Whether that technically meets the definition of “insurrection,” I’ll leave to the lawyers and constitutional scholars. And whether Greene’s preposterous statement that she couldn’t remember whether she asked about martial law stands up in court, as well as all the other instances of memory failure that she claims to have relating to that day of infamy, I’ll also leave to the experts. What is evident, however, is that Greene now has a long and incriminating paper trail for putting herself on the morally wrong side of a host of issues and sinking deep into a morass of outrageous conspiracy theories. And not just when it comes to siding with a would-be dictator unwilling to concede electoral defeat and his mob willing to shed blood to keep their man in power.
She is, after all, the person who suggested space lasers were responsible for California’s spate of devastating wildfires and who all but accused Hillary Clinton and Barack Obama of assassinating their political enemies, including, in Clinton’s case, John Kennedy Jr.
But, as with Trump, the message that Greene puts out is at least as dangerous as it is absurd.
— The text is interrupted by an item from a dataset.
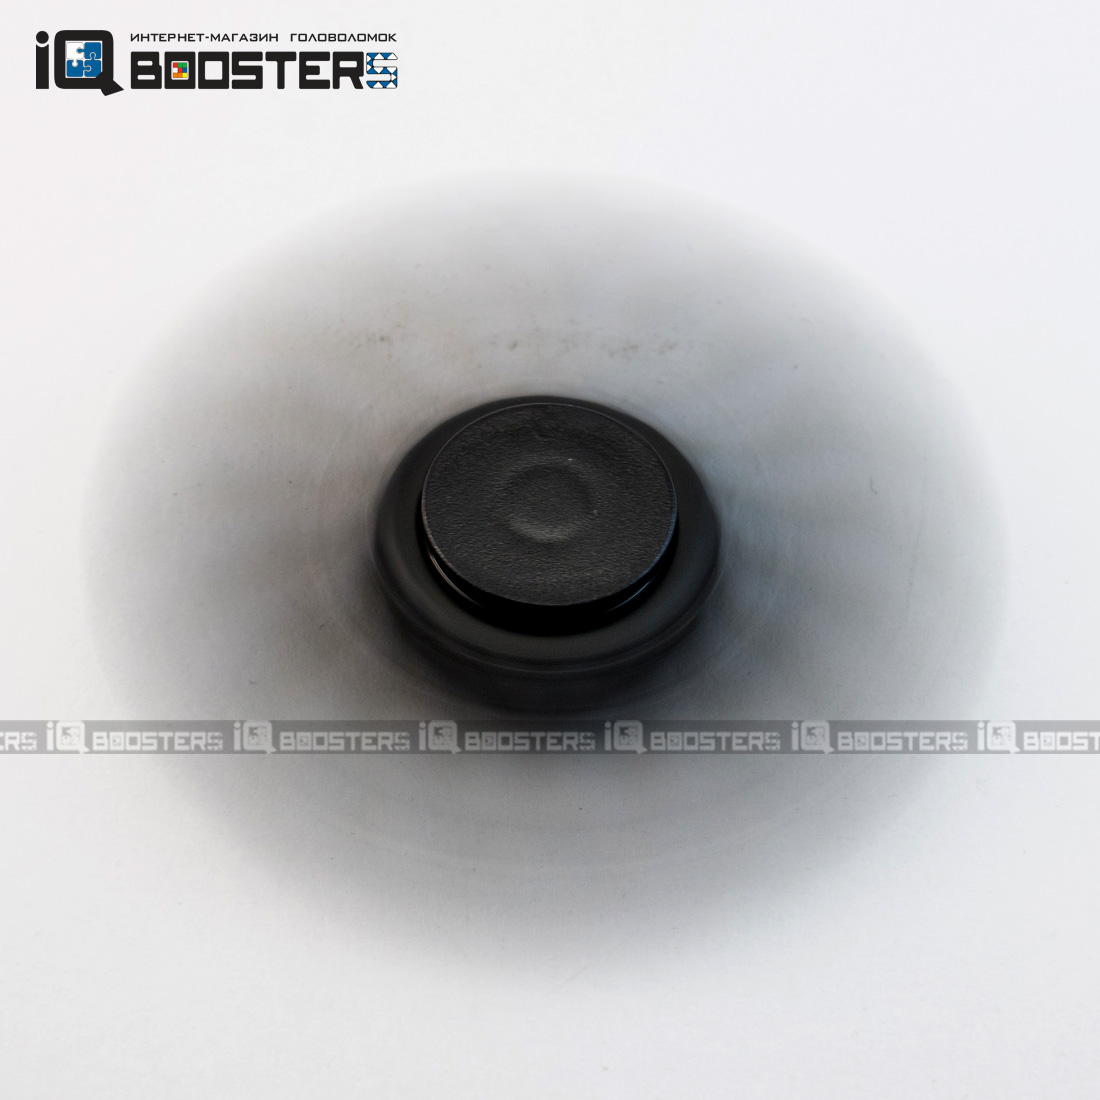 fidget_spinner-1_b2

In her willingness to embrace any and every conspiracy theory so long as it jazzes up her base, she’s fine-tuning the craft of demagoguery, launching a freewheeling assault on the concept of truth. And in her endless entanglement with political violence, she’s throwing cans of gasoline on an already raging political fire.
Earlier this year, Greene, her colleague Rep. Paul Gosar, and a number of prominent state politicians, spoke at an avowedly white nationalist event hosted by the America First Political Action Committee.
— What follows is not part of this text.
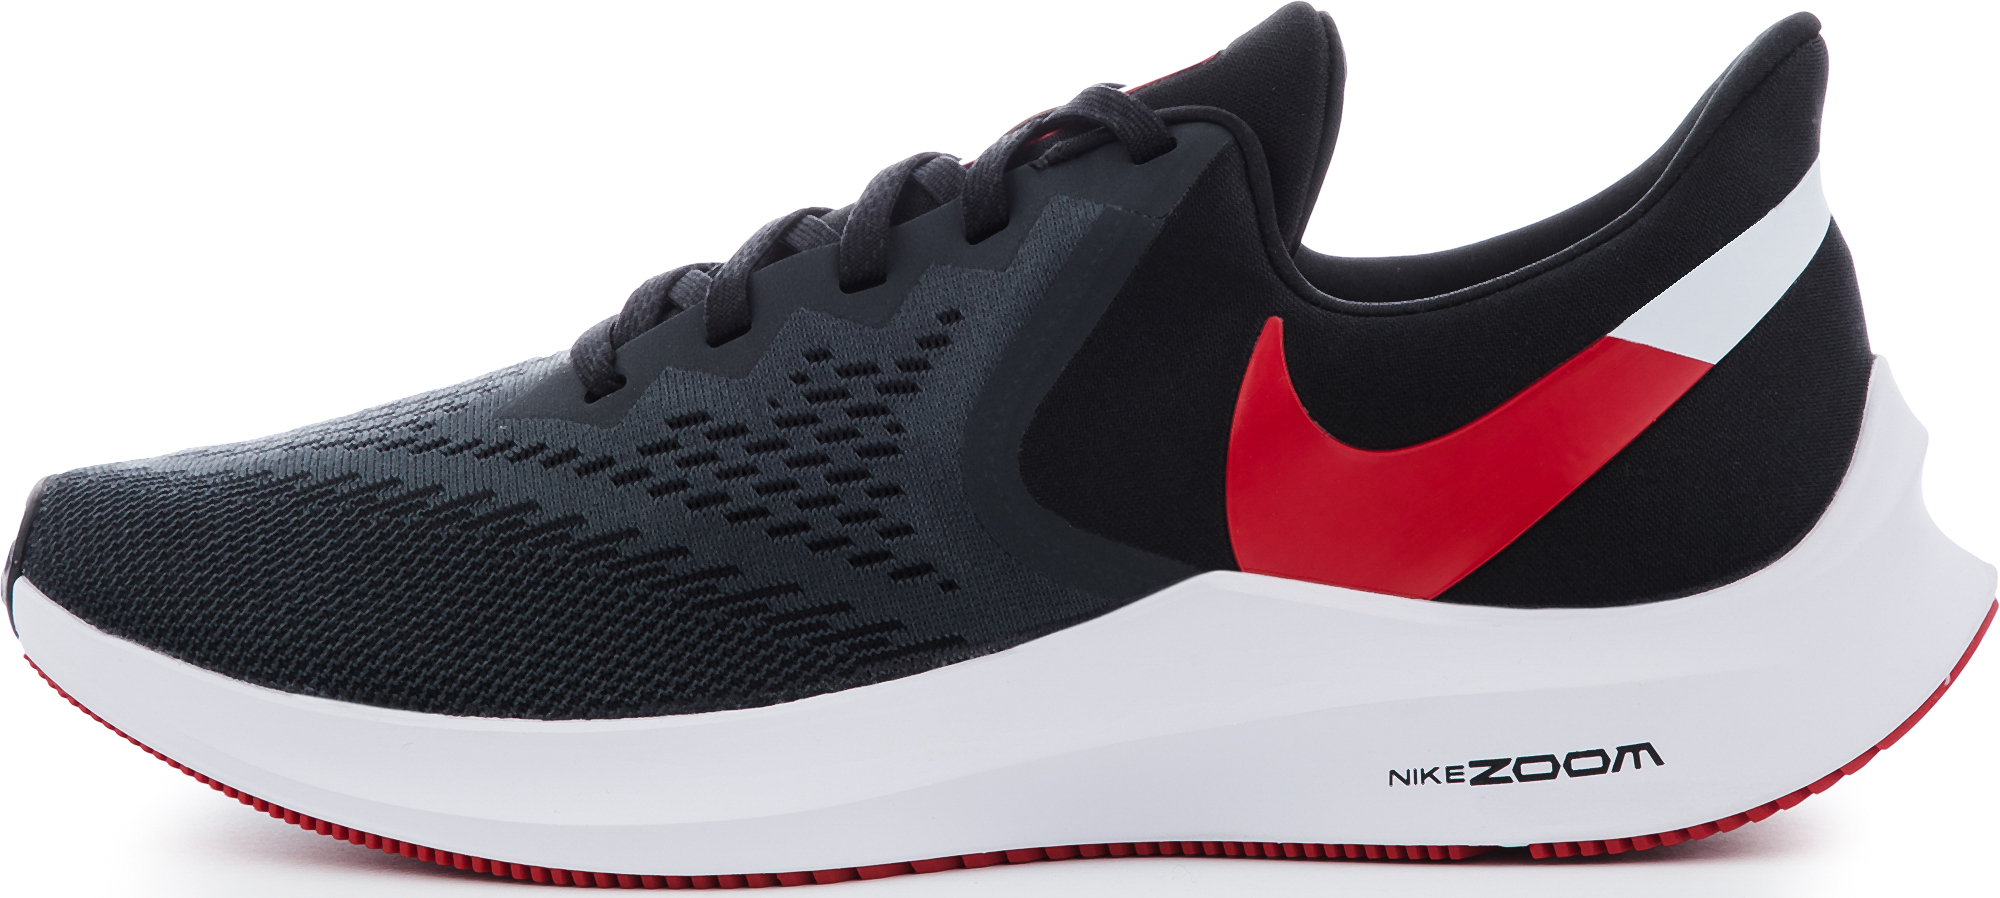 Nike Кроссовки мужские Zoom Winflo 6, размер 43,5

Greene is also alleged to have used her Facebook page in 2018 and 2019 to advocate killing senior Democrats.
The list of Congresswoman Greene’s absurdities and obscenities is a long one, and the case that she ought not to be anywhere near the halls of power is, in my mind, pretty watertight.
But the question is, should the courts make that decision, or should the people who sent her to Congress in the first place?
I fear a trap is being set here. Because Greene has pushed violence against the very political institution that she is a part of, it’s at least possible that Judge Beaudrot will end up deciding she isn’t fit to be in Congress. But, if he makes such a recommendation, then what?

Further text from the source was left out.